### Exercise aim
Would you output the lines from the one with "Bimbo trimestriel n°8" through the last line of the material below, exactly, but without pictures?

### Data below
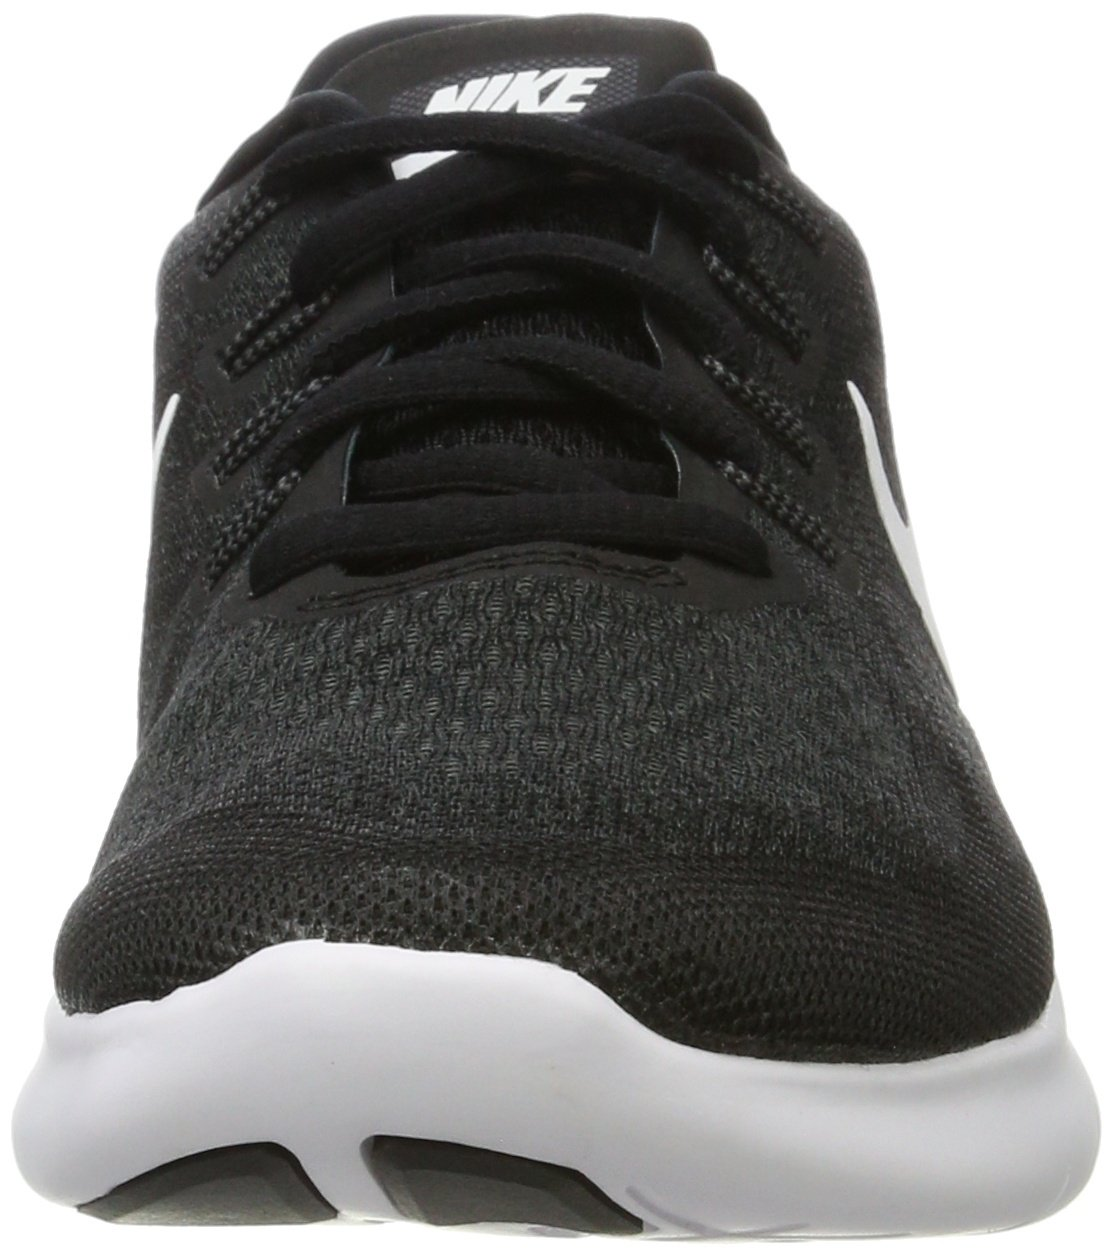 Nike Free Rn 2017, Scarpe Running Uomo, MultiColoreeee (nero bianca bianca bianca Dark grigio Anthracite), 43 EU | Ben Noto Per Le Sue Belle Qualità  | Maschio/Ragazze Scarpa  f95a2d
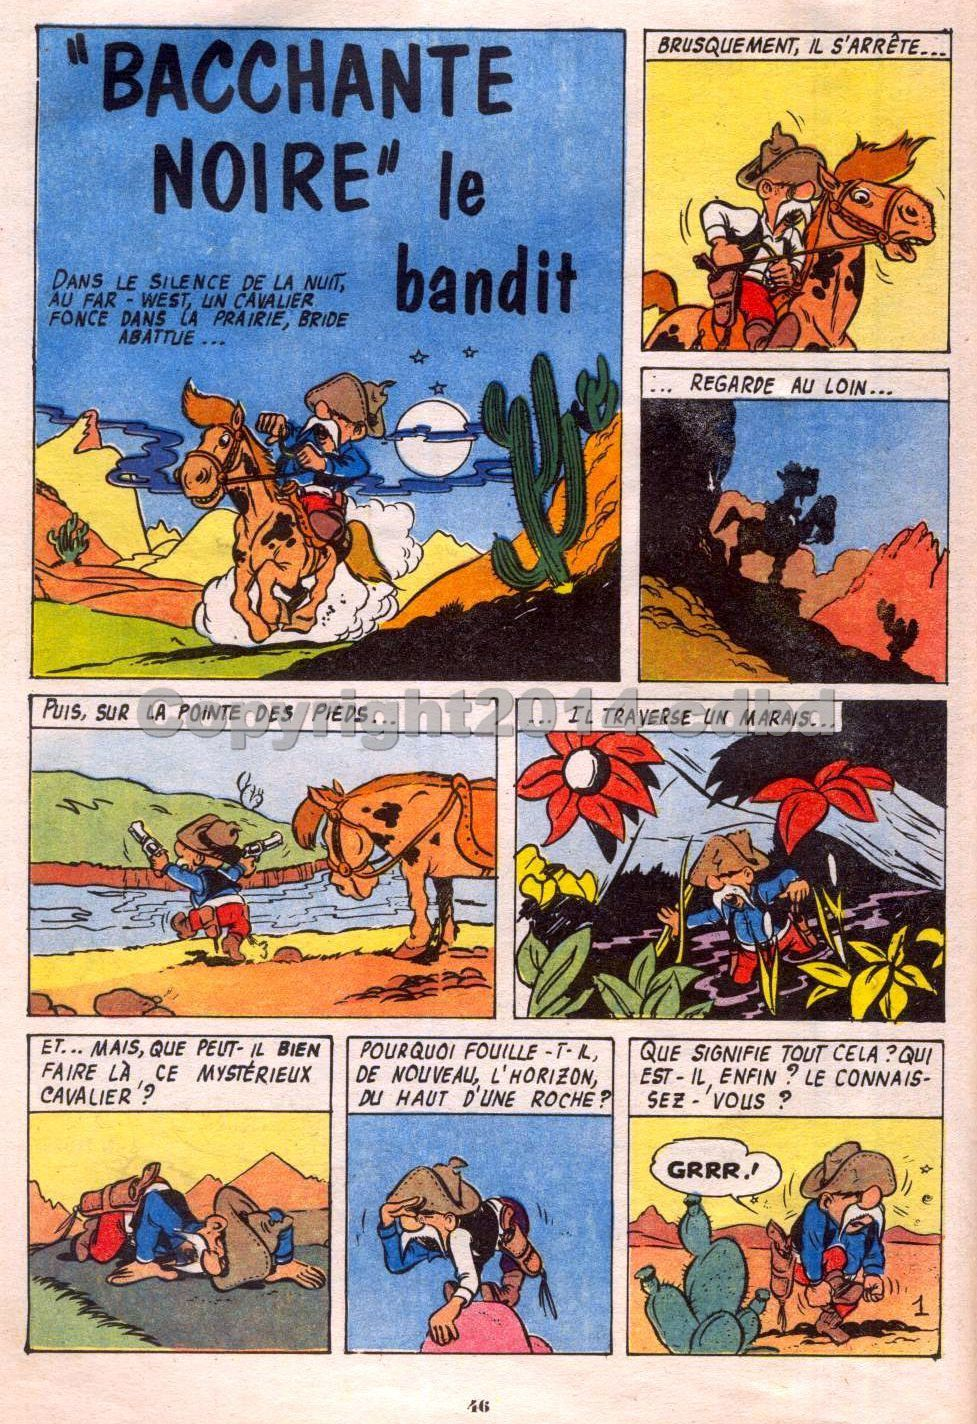 Bimbo trimestriel n°8  d'Octobre 1957- Pages 43 à 59
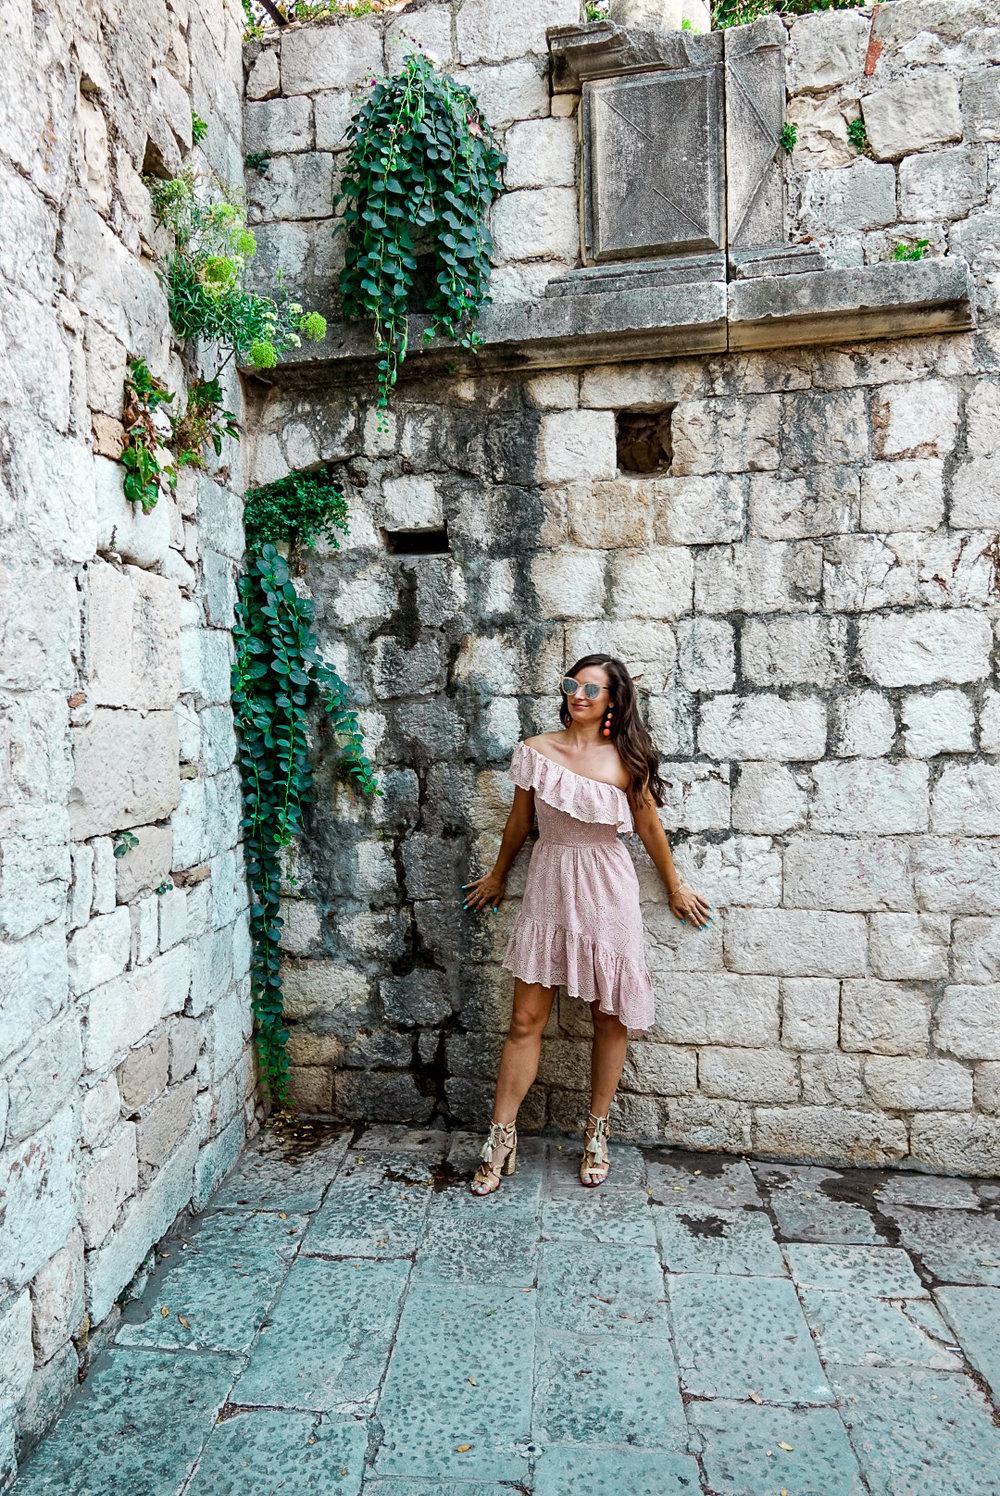 Dubrovnik19.jpg

### Finished task
 Bimbo trimestriel n°8  d'Octobre 1957- Pages 43 à 59
 Dubrovnik19.jpg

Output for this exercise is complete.